XML::Smart and UTF-8

by Kyshtynbai (Sexton)
Hi Monks! I have the following problem with CGI and XML::Smart. The short description: I get two parameters from GET request and pass them to XML::Smart methods to put them into xml file. The parameters I send are in Russian, so I use UTF-8 encoding. But when I do "cat xml/newfile.xml", all the info in tags is encoded to something weird. Like this:
cat xml/newfile.xml <?xml version="1.0" encoding="UTF-8" ?> <?meta name="GENERATOR" content="XML::Smart/1.78 Perl/5.014002 [linux] +" ?> <quotes> <txt>English text is fine</txt> <play>Really fine </play> <txt dt:dt="binary.base64">0KbQuNGC0LDRgtCwDQoK</txt> <play dt:dt="binary.base64">0J/QvtC/0L7QsdCw0LLQsAo=</play> </quotes>
I really don't know how to handle it. Here's some code of the script which adds this xml info:
#!/usr/bin/perl use strict; use XML::Smart; use CGI; use HTML::Template; use lib ('../'); use MySite; my $q = CGI->new(); my %params = MySite::get_params($q); my $add_quote_success= HTML::Template->new(filename =>'../templates/ad +d_quote_success.tmpl'); my $add_quote_error= HTML::Template->new(filename =>'../templates/add_ +quote_error.tmpl'); if ($ENV{REQUEST_METHOD} ne 'POST') { print "Content-type: text/html\n\n"; print "Stop wgetting this script."; } else { if (($params{txt} eq '') or ($params{play} eq '')) { print $q->header(-charset => 'utf-8'); print $add_quote_error->output; } else { my $XML = XML::Smart->new('../xml/newfile.xml'); my $counter = @{$XML->{quotes}{txt}}; $XML->{quotes}{txt}[$counter] = "$params{txt}\n"; $XML->{quotes}{play}[$counter] = "$params{play}\n"; $XML->save('../xml/newfile.xml'); print $q->header(-charset => 'utf-8'); print $add_quote_success->output; } }

Re: XML::Smart and UTF-8
by choroba (Archbishop) on Jun 07, 2014 at 14:53 UTC
    I don't work with XML::Smart. However, its documentation says, that this kind of encoding happens for binary data. Are you sure Perl knows your incoming data are UTF-8 encoded? (Is the data really Цитата and Попобава?)

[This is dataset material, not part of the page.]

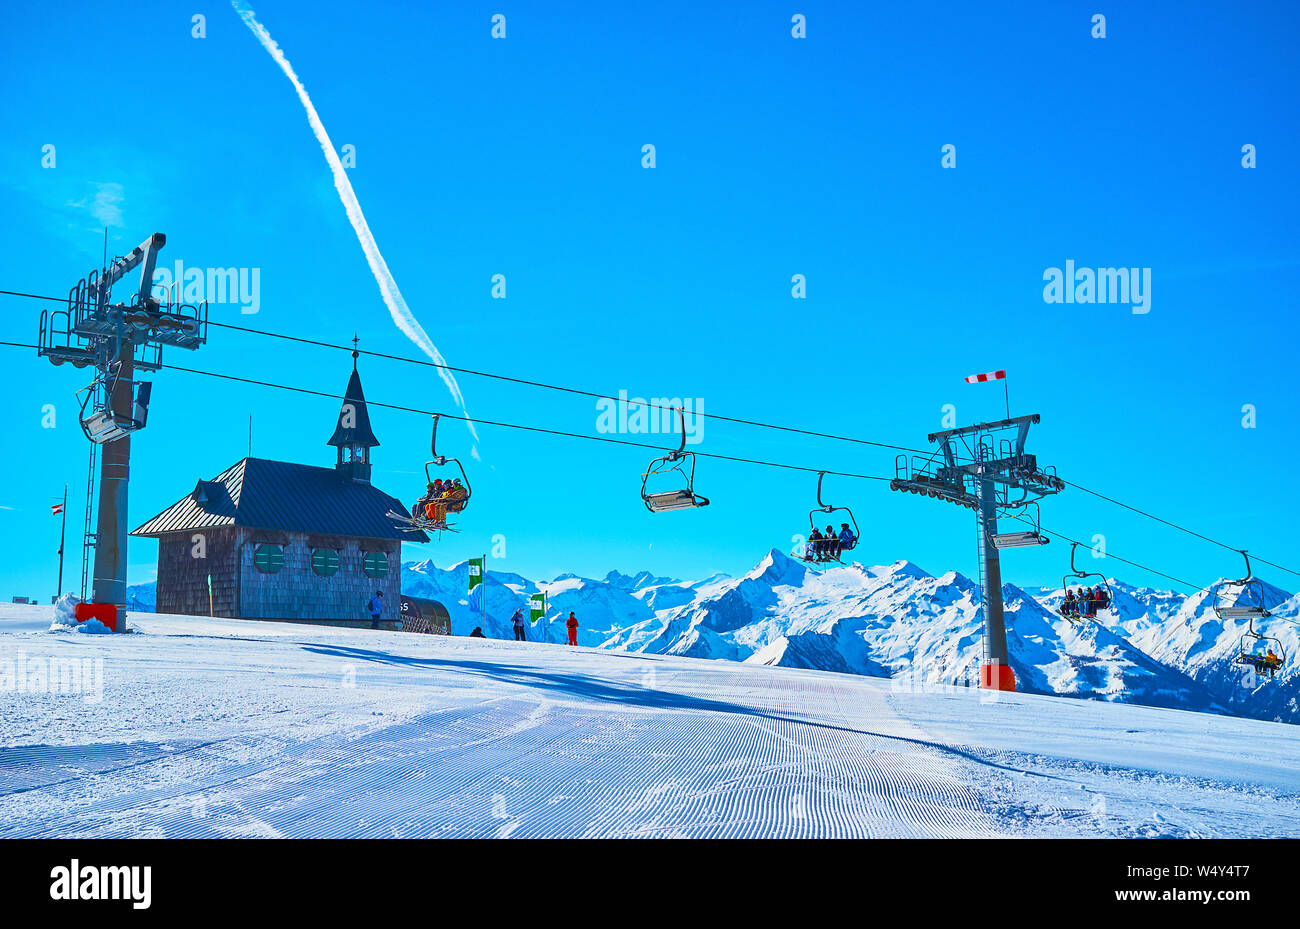 ZELL AM SEE, Autriche - 28 février 2019 : Profitez d'un paysage hivernal de Schmitten mount avec corduroy pistes de ski run, équitation, télésiège, Elisabeth chapelle Banque D'Images

    You can also try to directly specify you don't want to encode binary data by set_binary(0).

      I'm not actually sure (but it is text, not binary data; it comes from common input type=text html field). And the data is as you've decoded.
Re: XML::Smart and UTF-8
by ikegami (Pope) on Jun 21, 2014 at 06:57 UTC

    1. It's so so wrong, but you need to encode the data before passing to to XML::Smart. You seem to be doing that already.

    2. You need to pass decode => 1 to save.

    use strict; use warnings; use Encode qw( encode_utf8 ); use XML::Smart qw( ); my $text = chr(0xC9); my $utf8 = encode_utf8($text); my $doc = XML::Smart->new('<?xml version="1.0" encoding="UTF-8"?><root +></root>'); $doc->{root}{node}{CONTENT} = $utf8; $doc->save('a.xml', decode=>1);